Efficacy of Cedazuridine and Decitabine versus Decitabine alone in MDS

• The combination of oral decitabine plus cedazuridine has been investigated as a treatment for higher-risk myelodysplastic syndromes (MDS) and chronic myelomonocytic leukemia 3.
• A phase 1/2 study found that the combination of oral decitabine plus cedazuridine and venetoclax was safe and had encouraging activity in patients with higher-risk MDS and chronic myelomonocytic leukemia 3.
• The development of oral decitabine plus cedazuridine has been driven by the need for more convenient and effective treatments for MDS, with the goal of achieving synergistic activity and better patient outcomes 4, 5.
• A phase 3 study compared the safety and pharmacokinetics of oral decitabine plus cedazuridine versus intravenous decitabine in patients with MDS or chronic myelomonocytic leukemia, and found that oral decitabine-cedazuridine was pharmacologically and pharmacodynamically equivalent to intravenous decitabine 6.
• While there is no direct comparison between cedazuridine and decitabine versus decitabine alone in the provided studies, a meta-analysis comparing decitabine and azacitidine found that azacitidine had higher overall response rates and better survival benefits than decitabine in patients with MDS 7.

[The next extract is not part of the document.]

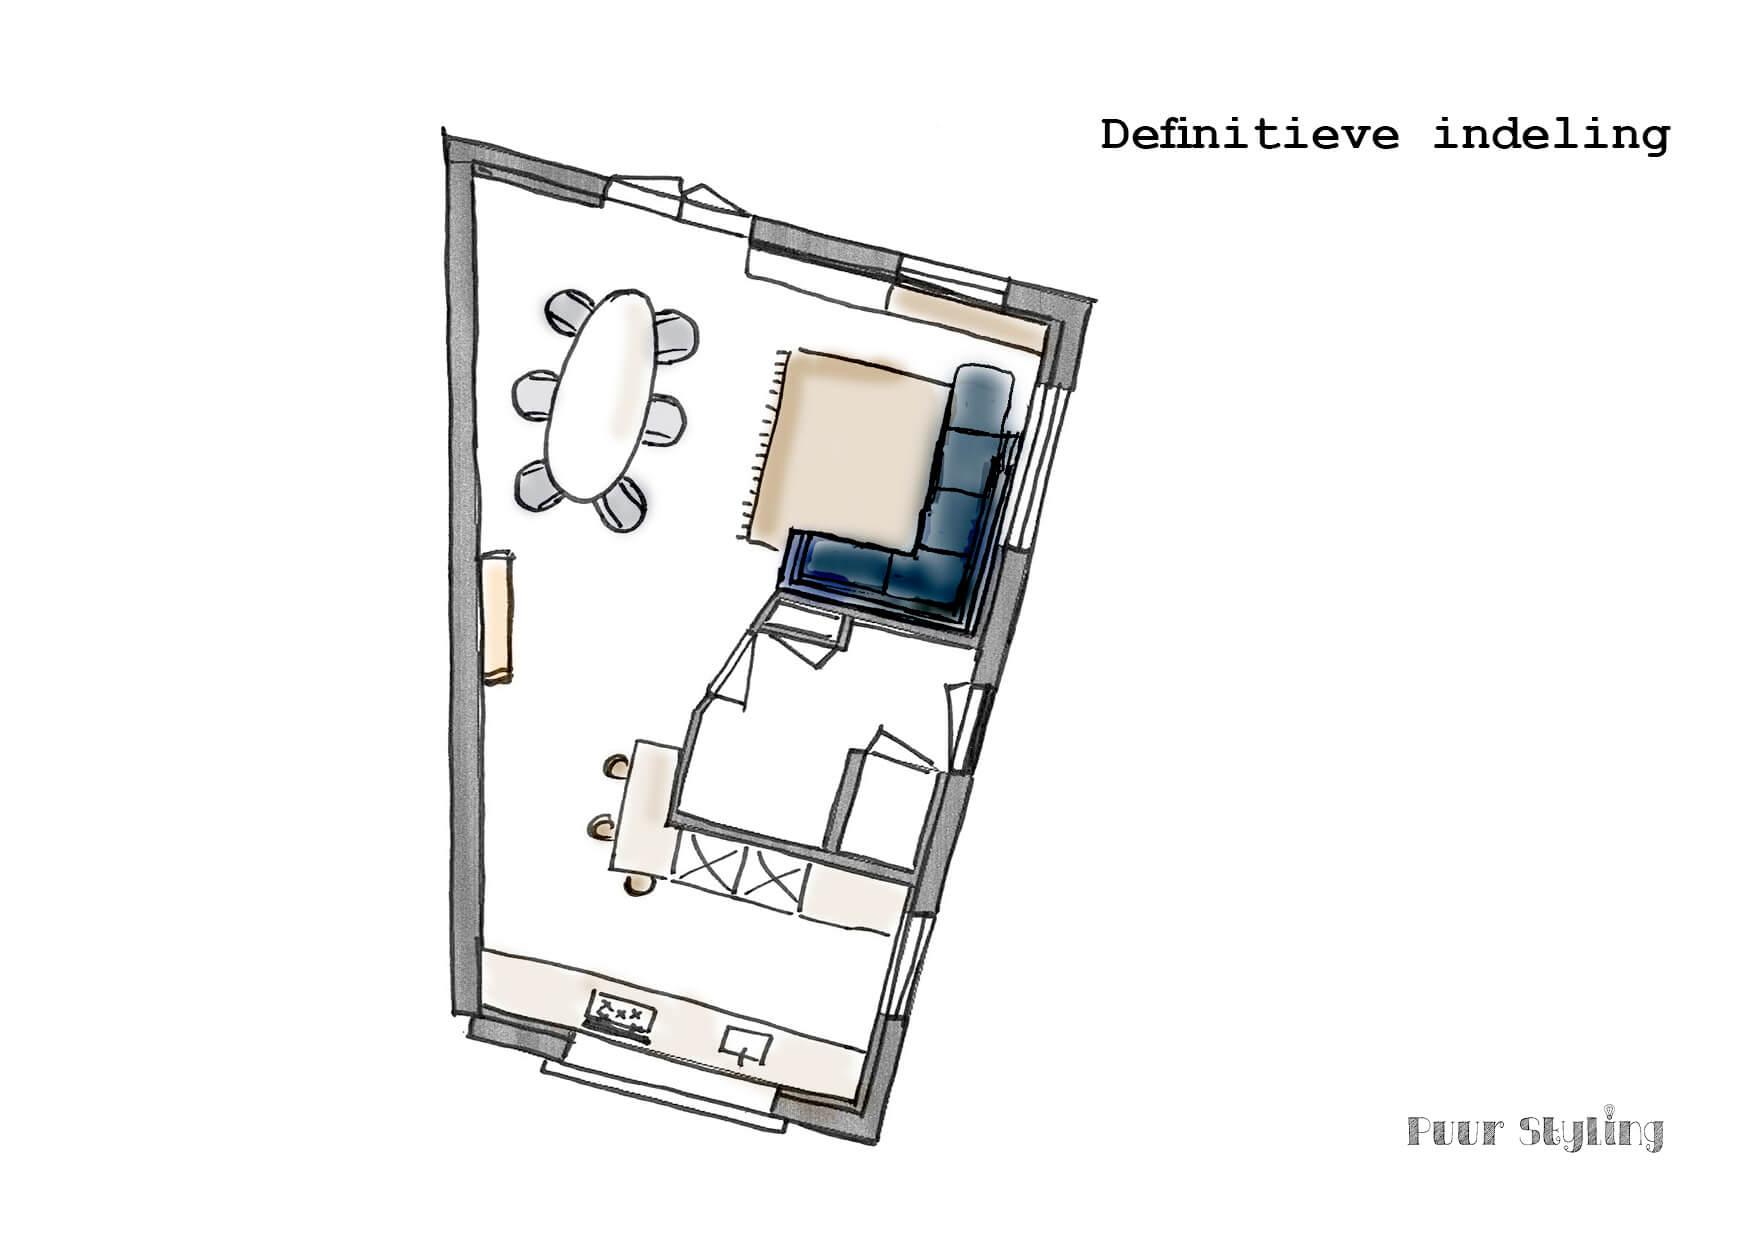 puur styling interieuradvies blauw plattegrond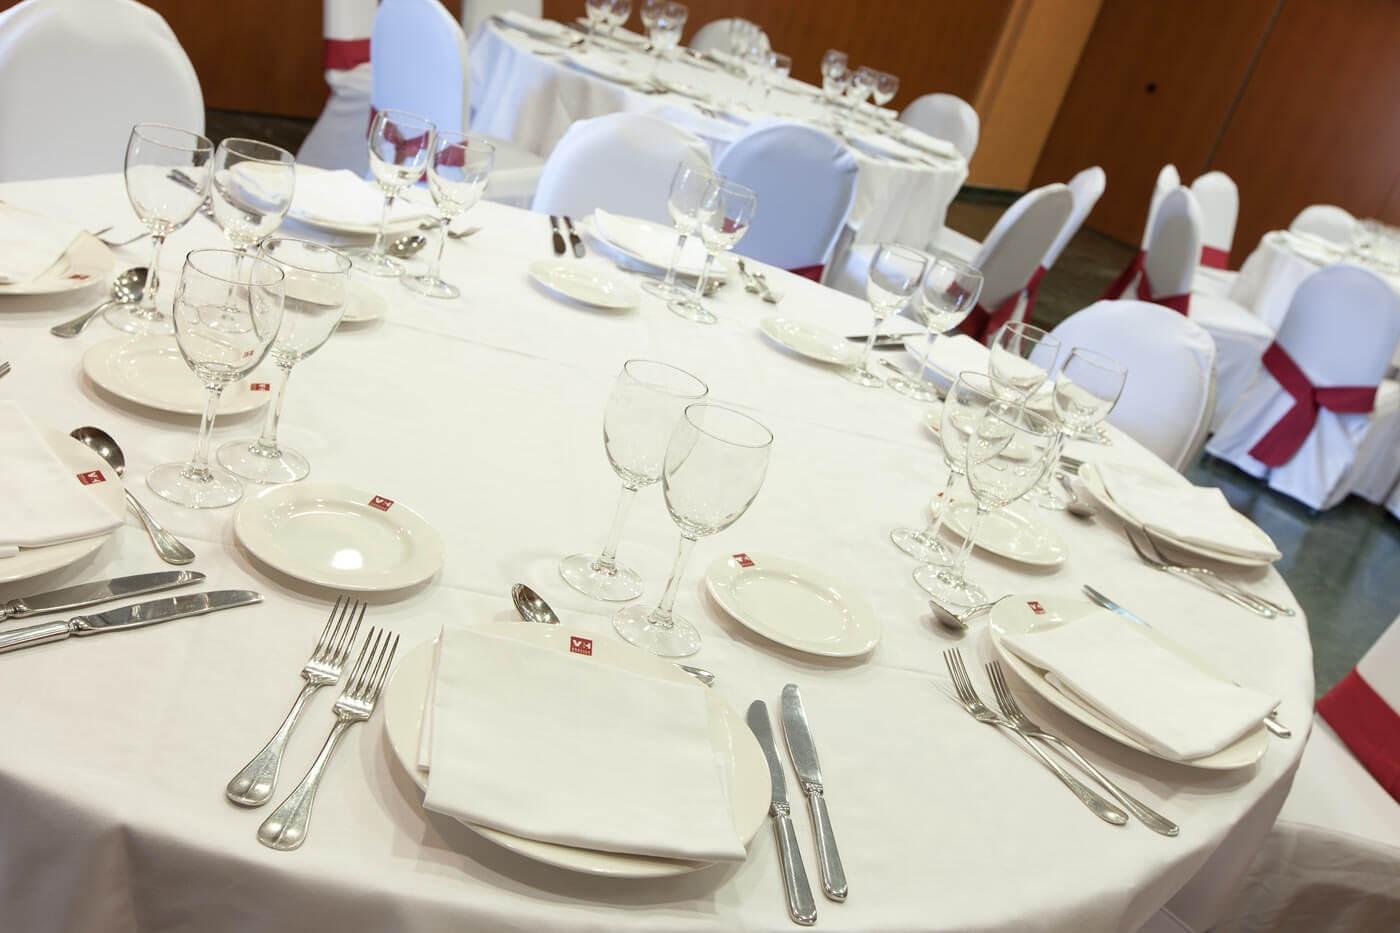 sevilla aljarafe. Hoteles para bodas en Sevilla. Salones de banquetes 5

Safety and Pharmacokinetics

• The most common grade 3-4 adverse events associated with oral decitabine plus cedazuridine were thrombocytopenia, neutropenia, and febrile neutropenia 3, 6.
• The safety profiles of oral decitabine-cedazuridine and intravenous decitabine were similar, with the most frequent adverse events of grade 3 or worse being thrombocytopenia, neutropenia, and anaemia 6.
• The incidence of serious adverse events was higher with oral decitabine-cedazuridine than with intravenous decitabine in the first two cycles of treatment 6.

Clinical Implications

• The use of oral decitabine plus cedazuridine may offer a convenient and effective alternative to intravenous decitabine for the treatment of MDS or chronic myelomonocytic leukemia 5, 6.
• Further studies are needed to fully evaluate the efficacy and safety of cedazuridine and decitabine versus decitabine alone in the treatment of MDS.